Были побуждения – все остановить, властным голосом всех вернуть на прежние места, сказать, что его не так поняли, совсем не то он хотел сказать. Но рот его, крепко сжатый, словно бы не мог разжаться, не могла, не смела гортань исторгнуть самые простые слова. И вместе с тем одна мысль, и окрыляющая, и парализующая, билась в нем, посылая толчками кровь в виски: что его поняли именно так и приказал он именно то, что хотел – и не решался.
Если бы знать еще с утра, что судьба даст ему пройти в наступлении не два километра, на что он смутно надеялся, и не двадцать, о чем он даже мечтать не смел, но все двести километров – до Ржева – будет его армия гнать перед собою немцев, этим рывком – от малой деревеньки Белый Раст на Солнечногорск – побудив и приведя в движение все шесть соседних армий Западного фронта!
Так минута его решимости и час безволия определили судьбу Москвы.
И хотя остальное уже не от него одного зависело, он навсегда входил в историю спасителем русской столицы – той, куда четыре года спустя привезут его судить и казнить, и все же никогда, никакими стараниями, не отделят его имя от ее имени.
Через неделю газеты всего мира заговорят о «русском чуде под Москвой», но в этот час оно показалось чудом, пожалуй, лишь одному человеку – Шестерикову, стоявшему в совершенном отчаянии на обочине шоссе над своим умирающим генералом.
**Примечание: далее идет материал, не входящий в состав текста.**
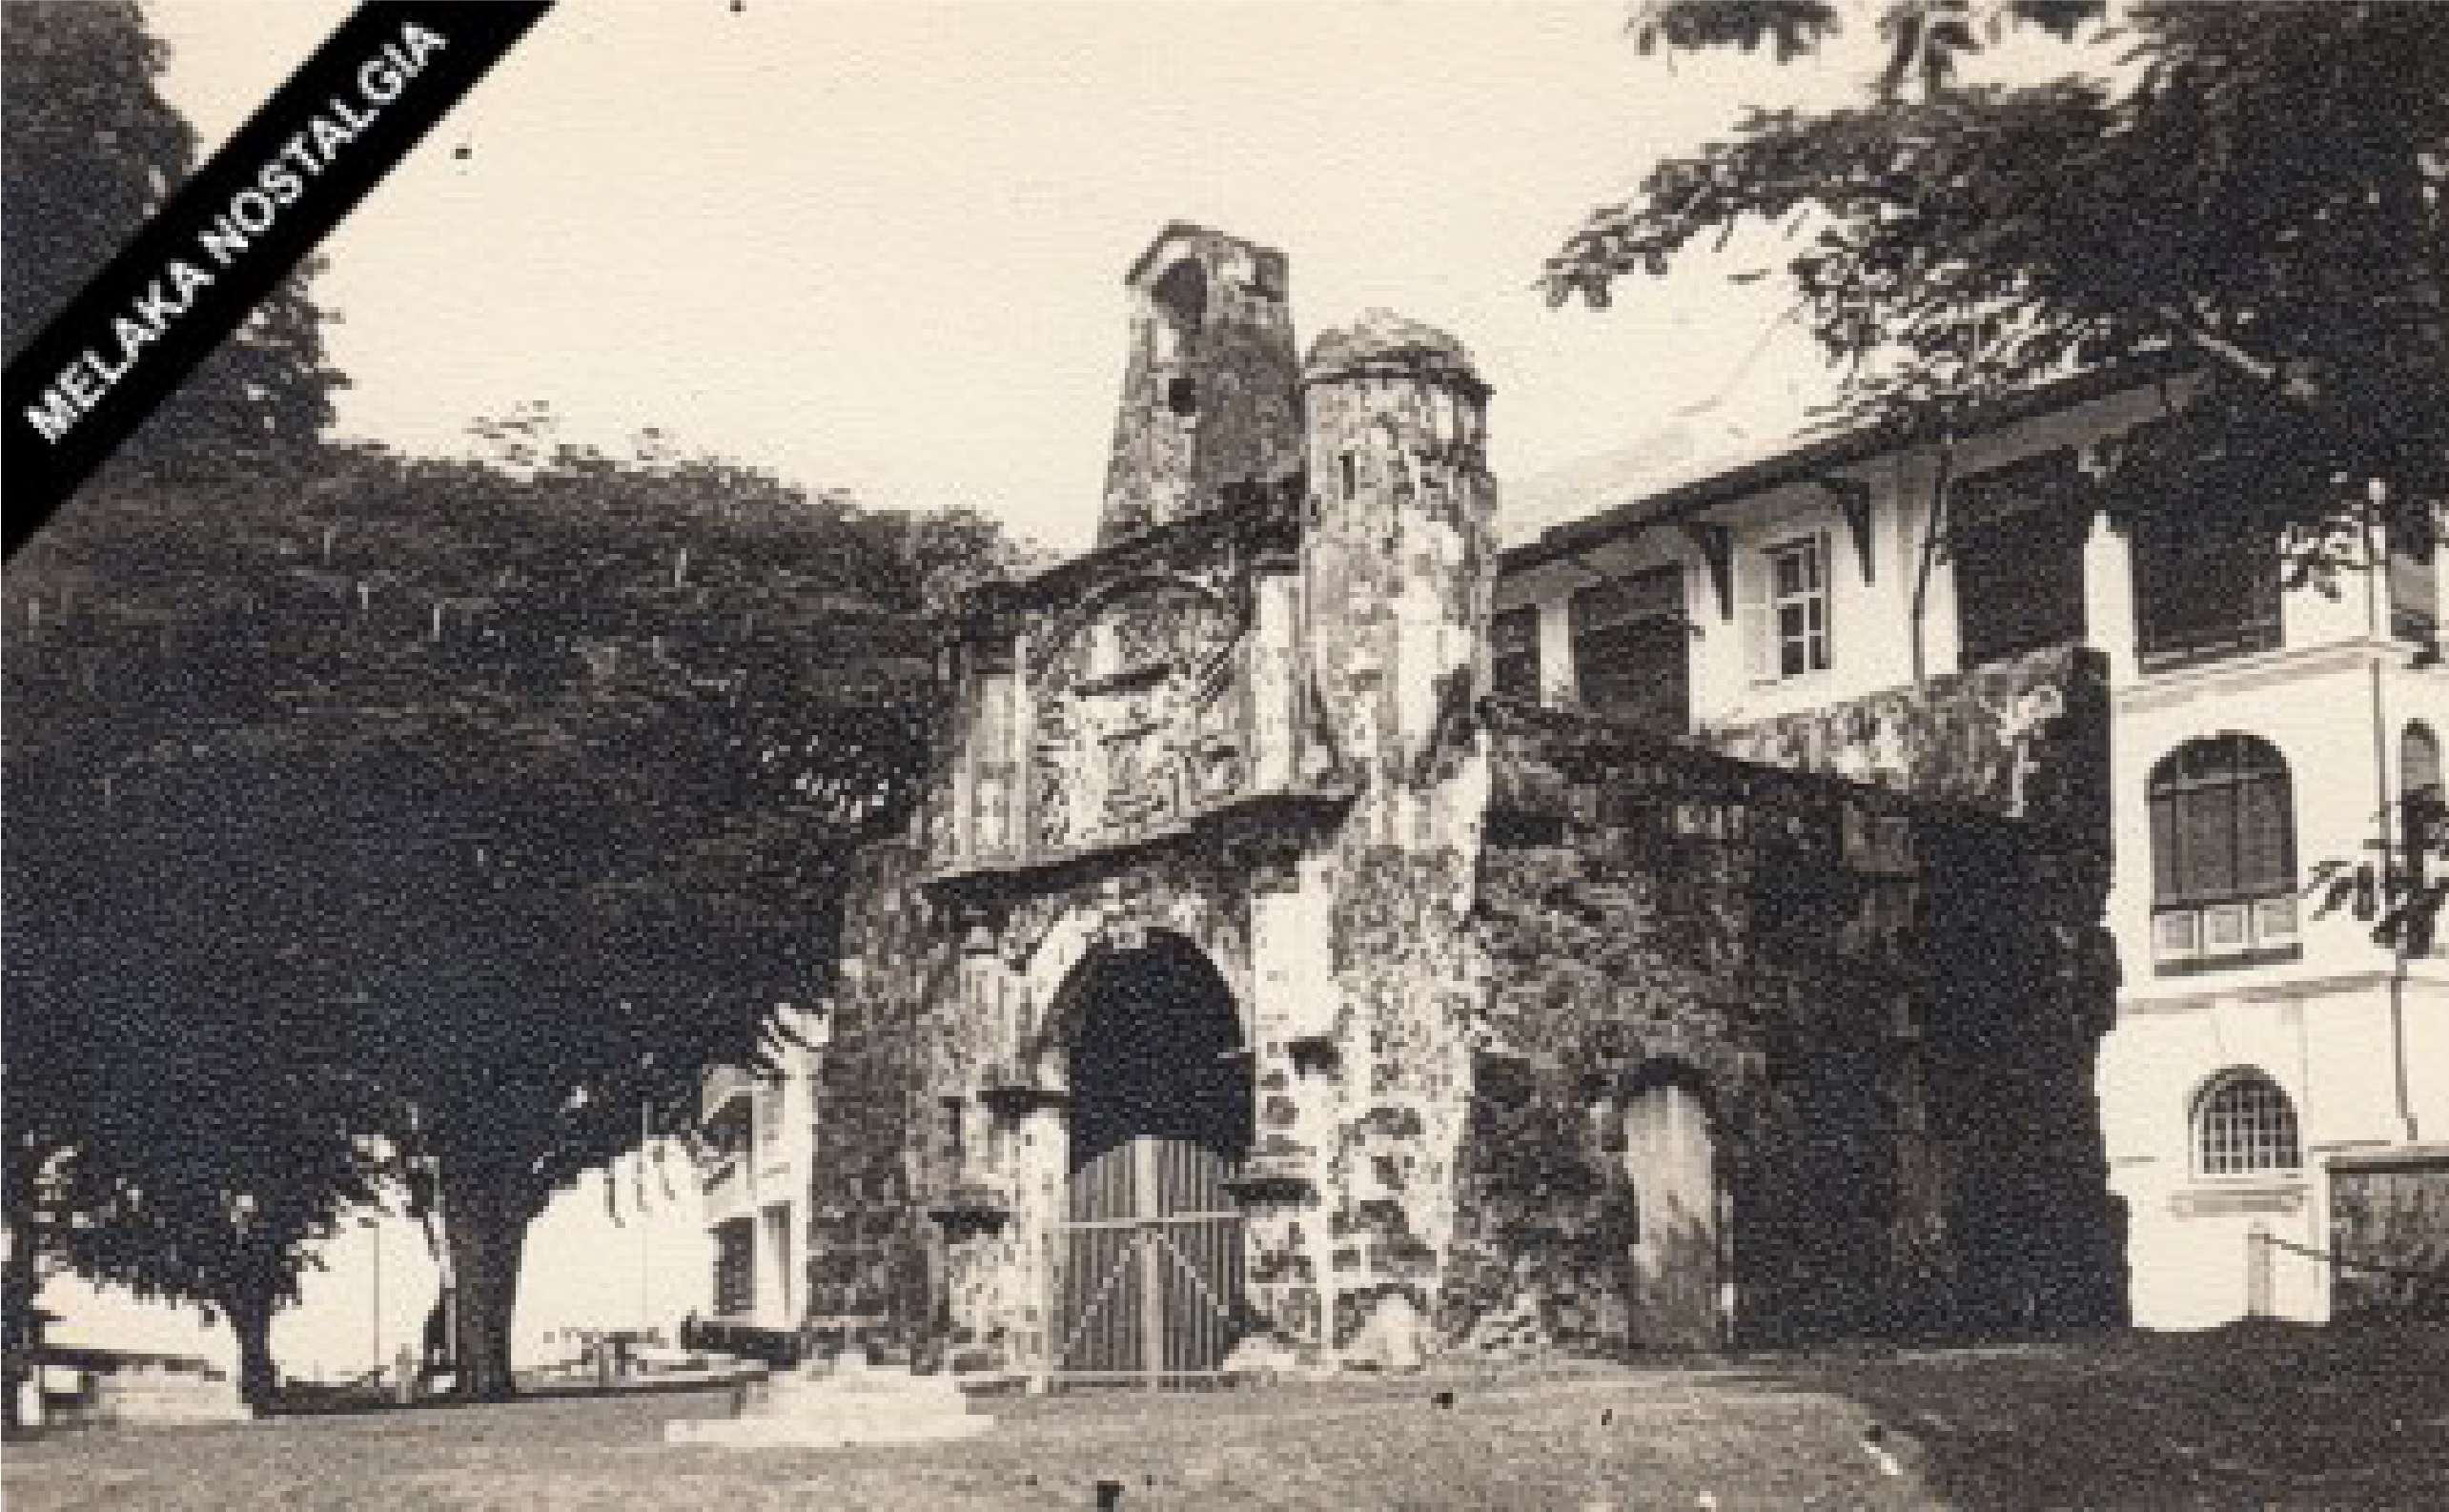 Porta De Santiago circa 1930 (source: Melaka Nostalgia)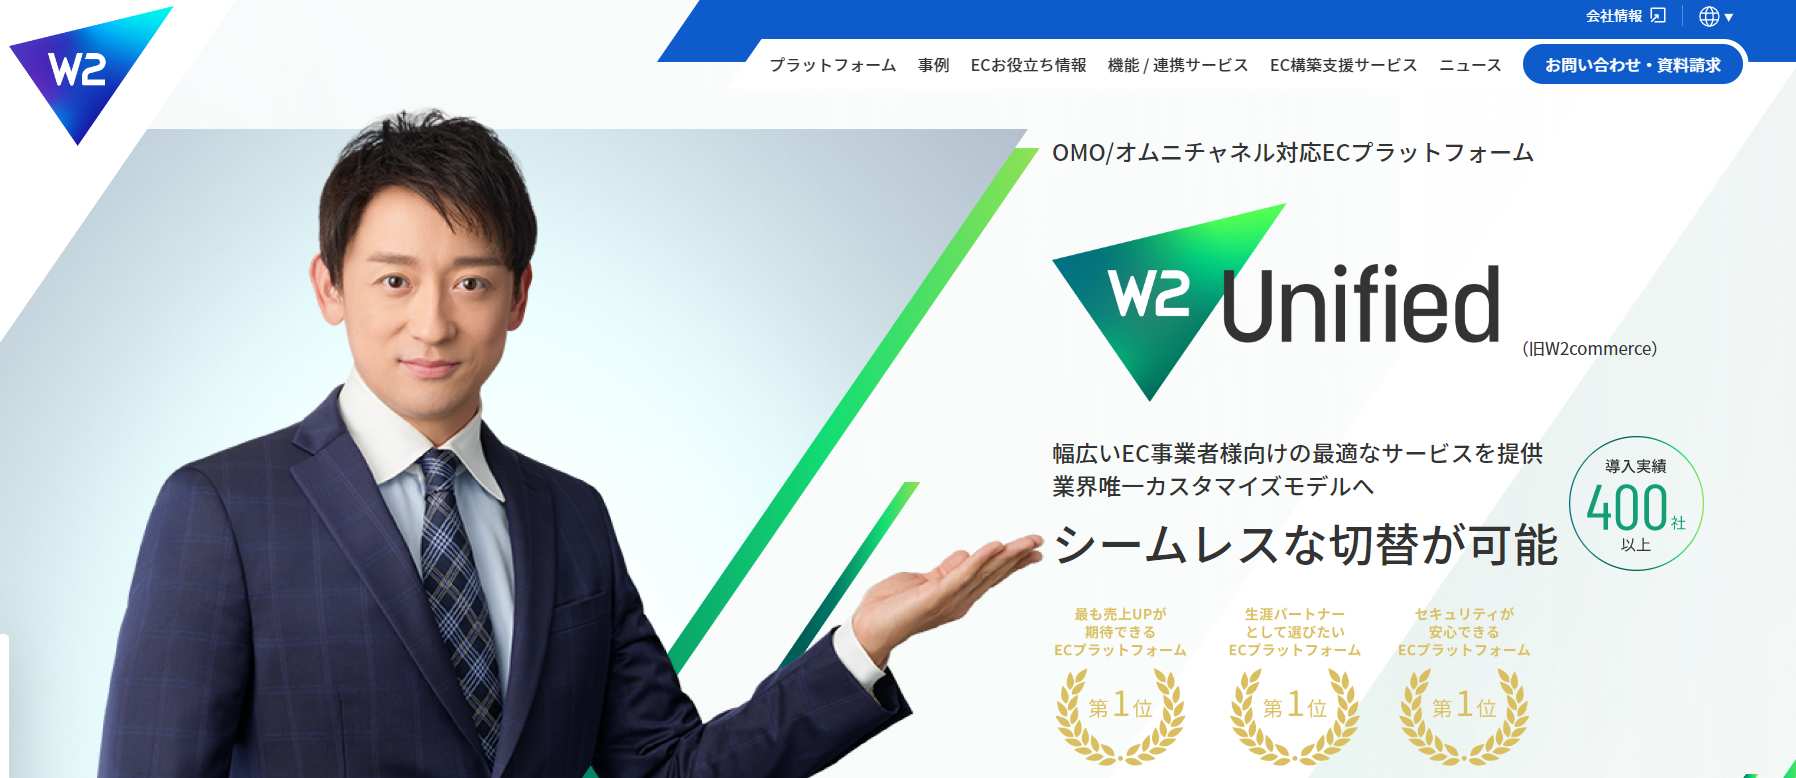 W2 Unified（旧:w2Commerce）

Уже и милиционер отвалил, исполнив свой же завет: «Всем драпать пора». Все же, к его чести, он ту горбушку отработал – более ничего из вещей не было украдено, он даже нагреб на них сапогами отличительный холмик. Другим таким холмиком, только подлиннее, был генерал. Однако ж, возле его рта еще оттаивало, и значит, Шестерикову не пора было драпать.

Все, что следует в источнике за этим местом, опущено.